Diagnosis of Chronic T-cell Lymphocytic Leukemia

There are many tests to find or diagnose cancer. They also do tests to see if cancer has spread to another part of the body from where it began. If this happens, it is metastasis. For instance, imaging tests can represent if cancer has spread. Imaging tests show pictures of the body from the inside. Doctors can also do tests to learn which treatments would work best.

A biopsy is the sure short way for the doctor to know if an area of the body has cancer for most types of cancer. In a biopsy, the doctor takes a small tissue sample for testing in a laboratory. The doctor may suggest other tests if a biopsy cannot help diagnose.

The doctor may consider given factors when choosing a diagnostic test:

  • Your signs and symptoms
  • The age and general health status
  • The type of cancer suspected
  • The result of earlier medical tests

The below-mentioned tests can help diagnose Chronic T-cell Leukemia-

Blood tests

The diagnosis of T-cell leukemia starts with a blood test called a complete blood count that measures the levels of different types of cells in the blood. T-cell leukemia may be suspected if the blood contains many white blood cells.

Bone marrow aspiration and biopsy

A bone marrow biopsy is usually not required to diagnose CLL, but it may be done before beginning treatment. A bone marrow aspiration and biopsy may help determine a prognosis for a few patients, which is the chance of recovery. It may also provide more information about why other blood tests are abnormal. A bone marrow aspiration and biopsy is similar and often done simultaneously to evaluate the bone marrow, the fatty, spongy tissue found inside larger bones.

Bone marrow has both a liquid and a solid part. A bone marrow aspiration takes a sample of the fluid using a needle. A bone marrow biopsy removes a small quantity of solid tissue using a needle. A pathologist then reviews the samples in a lab. Pelvic bone located by the hip is a common site for bone marrow aspiration and biopsy. Doctors generally give ” anesthesia ” medication beforehand to numb the area.
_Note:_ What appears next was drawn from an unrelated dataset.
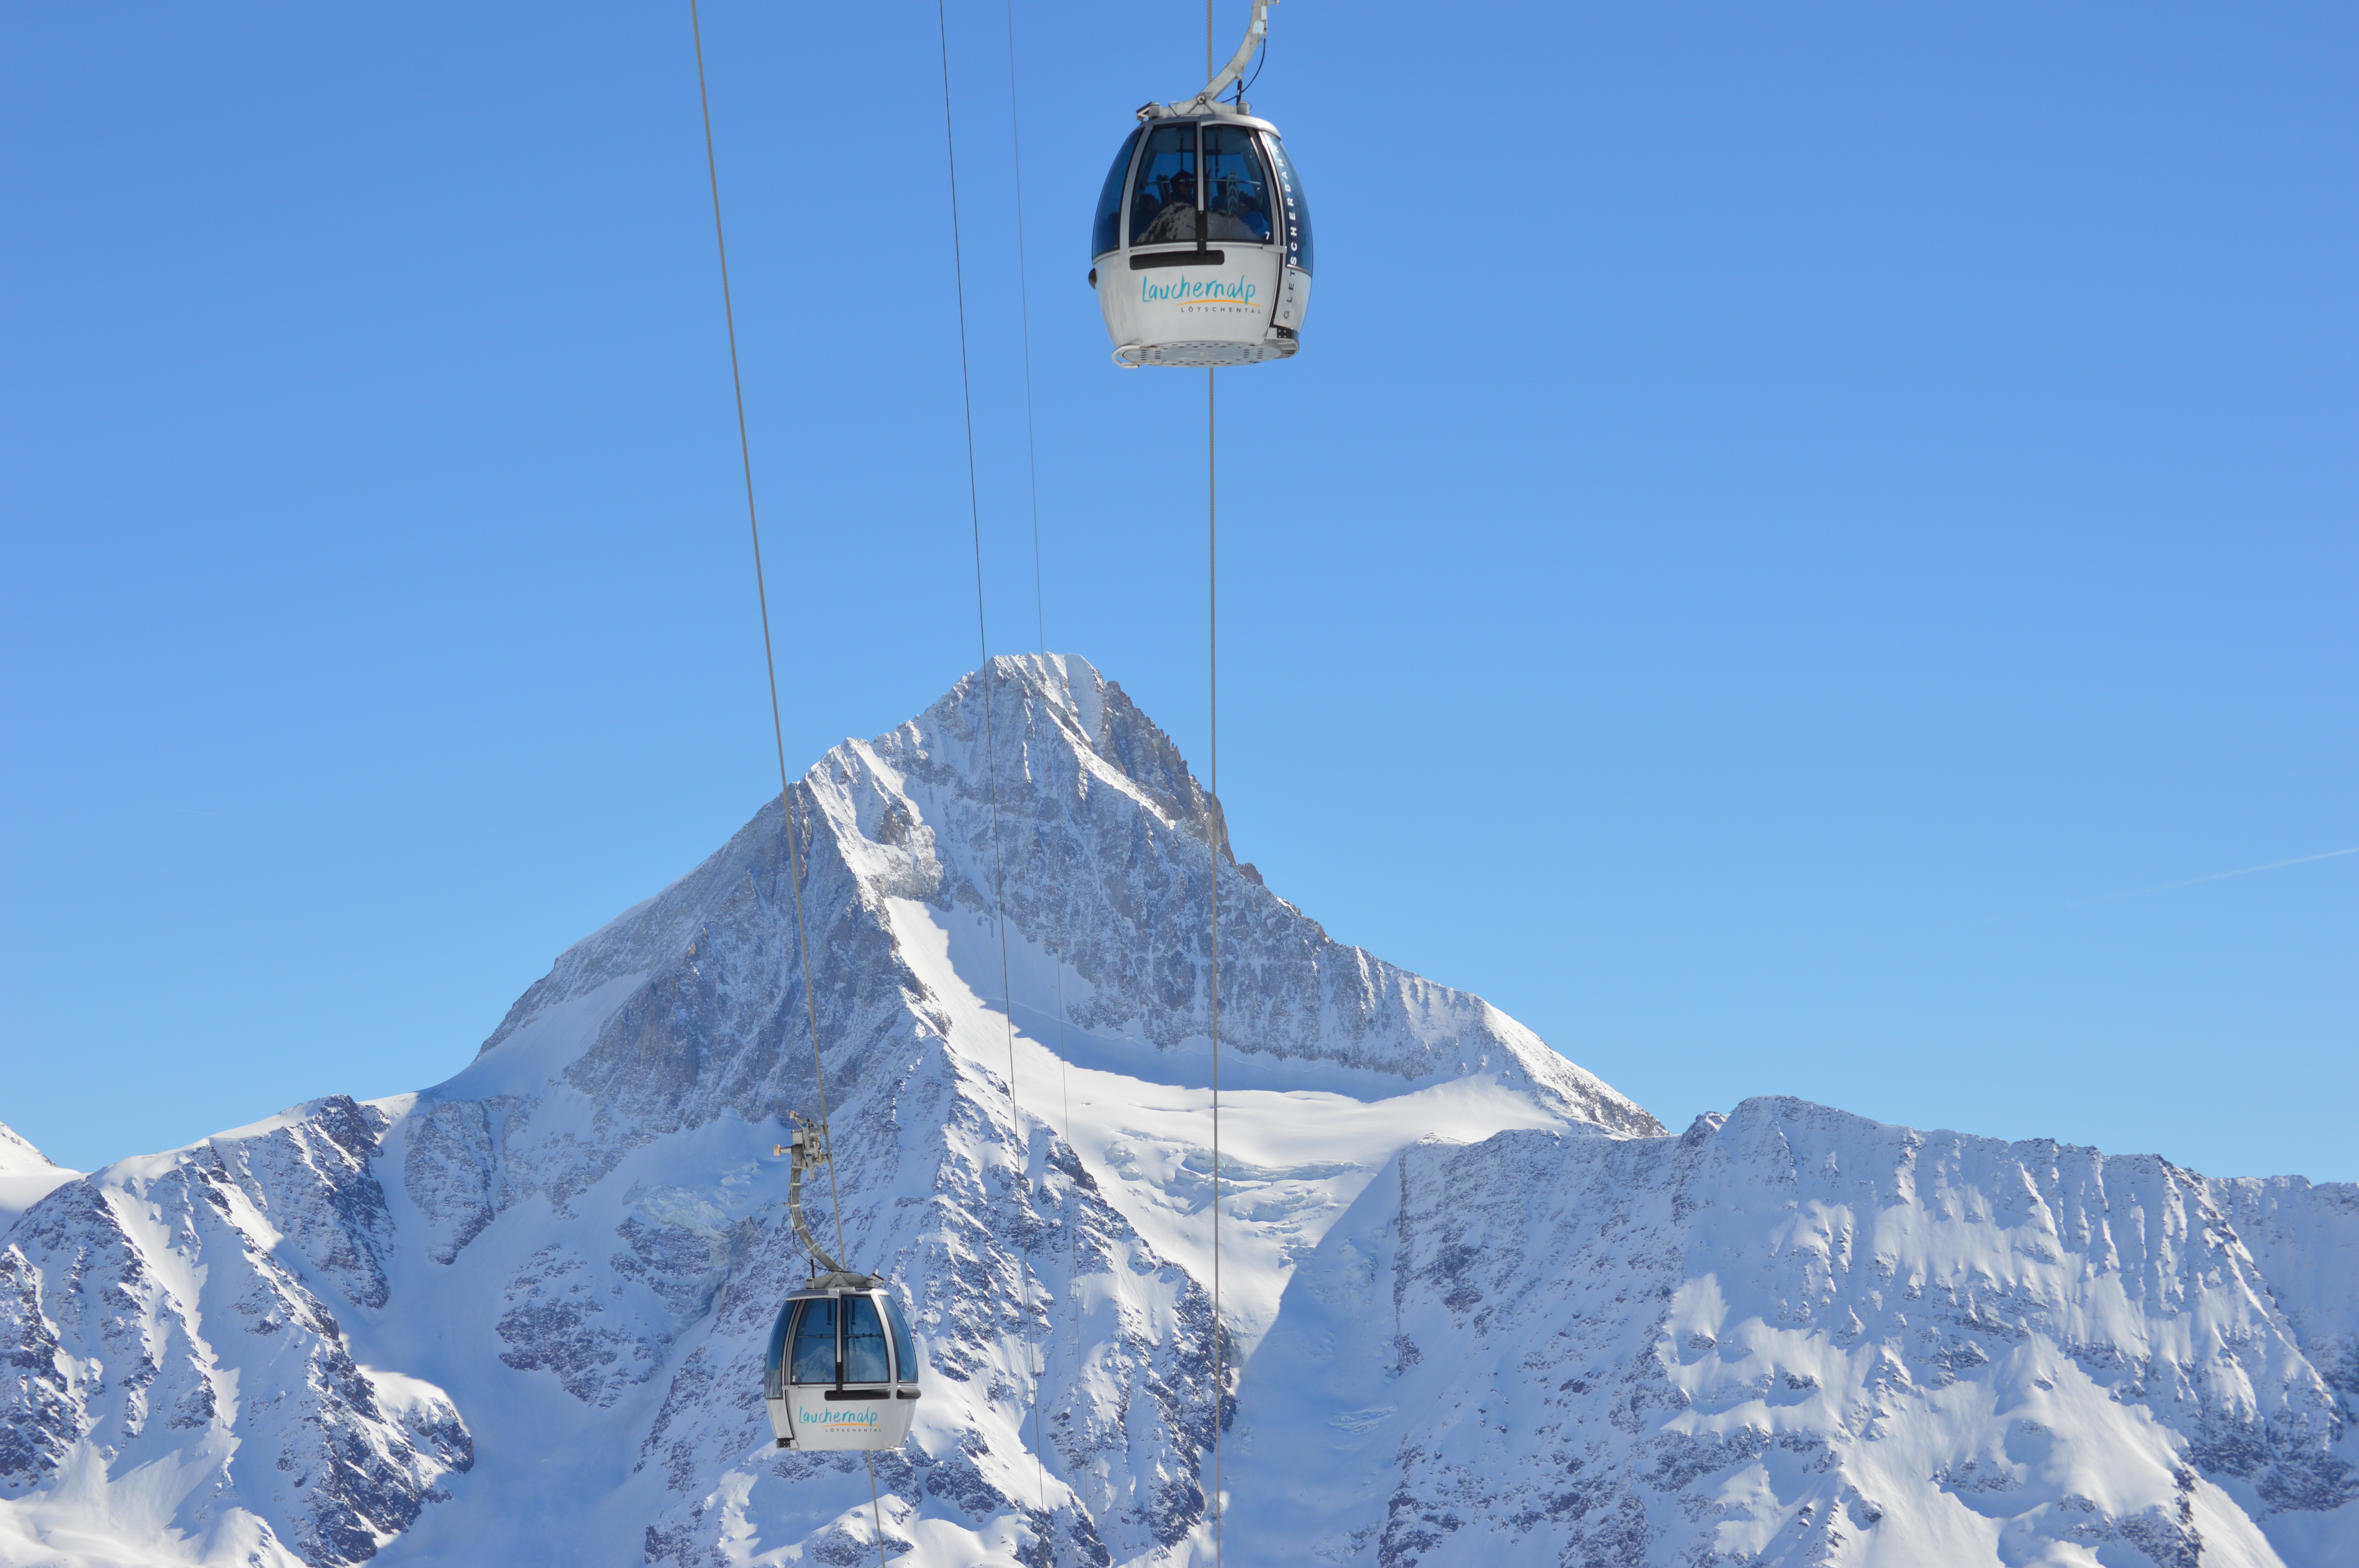 Saisoneröffnung Lauchernalp Bergbahnen

Anesthesia is a medication that blocks the awareness of pain.

Molecular testing

Your doctor may recommend running laboratory tests on a bone marrow sample to identify specific genes, proteins, and other factors unique to the disease.
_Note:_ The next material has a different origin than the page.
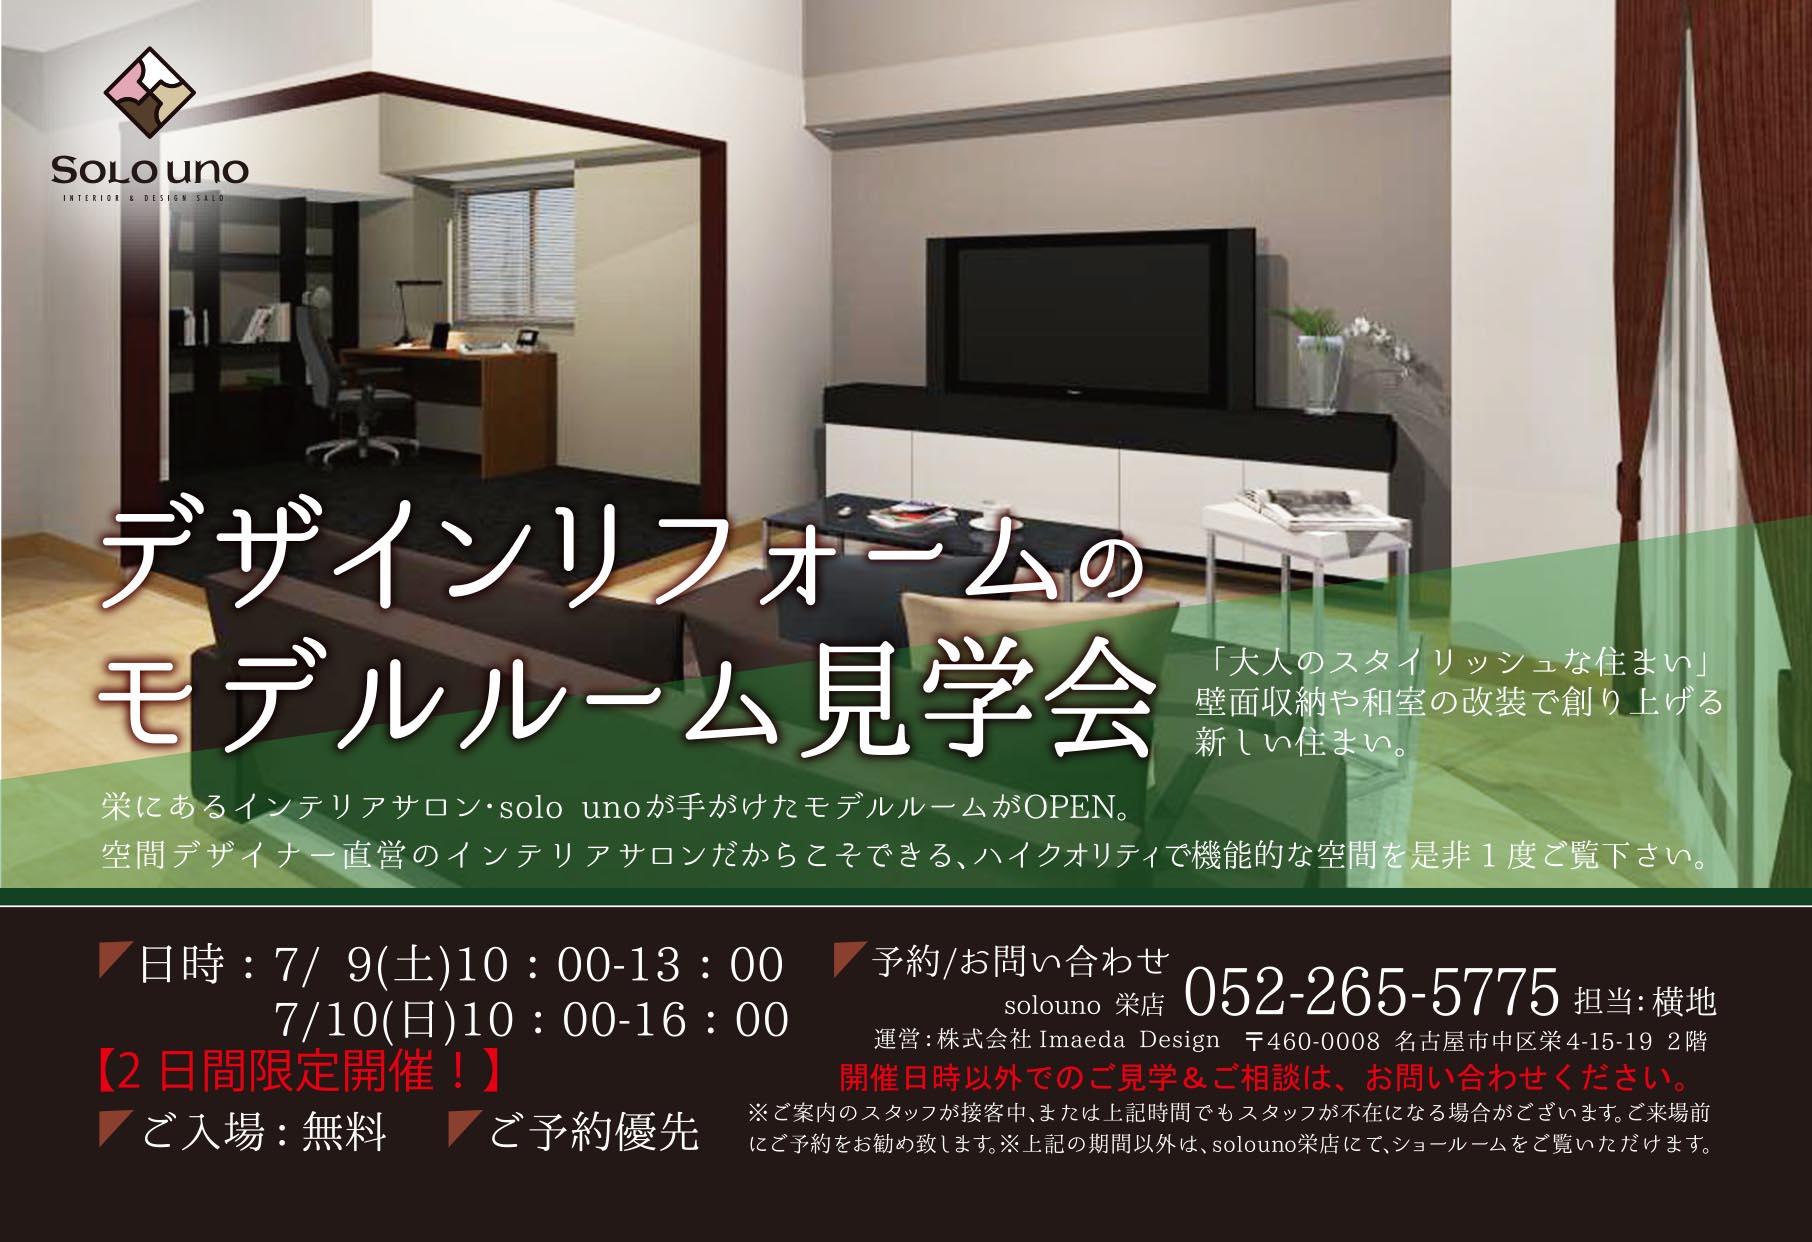 堂下様邸 見学会ハガキ ol 最終改訂版

Immunophenotyping examines antigens, a specific type of protein, on the surface of the leukemia cells. Immunophenotyping helps the doctor to confirm the exact type of leukemia.

Cytogenetics examines the leukemia cells for abnormal changes to the long strands of genes called chromosomes. It helps doctors confirm the diagnosis and can help determine the person’s chance of recovery.

These tests help decide whether your treatment options include a type of treatment called targeted therapy.


A biopsy removes a small amount of tissue for examination through a microscope. A pathologist then analyzes the sample. In addition to a bone marrow aspiration and biopsy, the following types of biopsy may be needed depending on the type of T-cell leukemia suspected:

Skin biopsy

During a skin biopsy, a sample of skin tissue is removed to look for T cells in the skin.

Lymph node biopsy

In a lymph node biopsy, the doctor removes all or part of a lymph node to look for leukemia cells.

Computed tomography (CT or CAT) scan

A CT scan takes pictures of the body from inside using x-rays taken from different angles. A computer then combines these pictures into a detailed, 3-dimensional image showing abnormalities or tumors. A CT scan can be used to determine the tumor’s size. Occasionally, a specific dye called a contrast medium is given before the scan to provide detail on the image. This dye can be delivered into a patient’s vein or provided as a pill or liquid to swallow.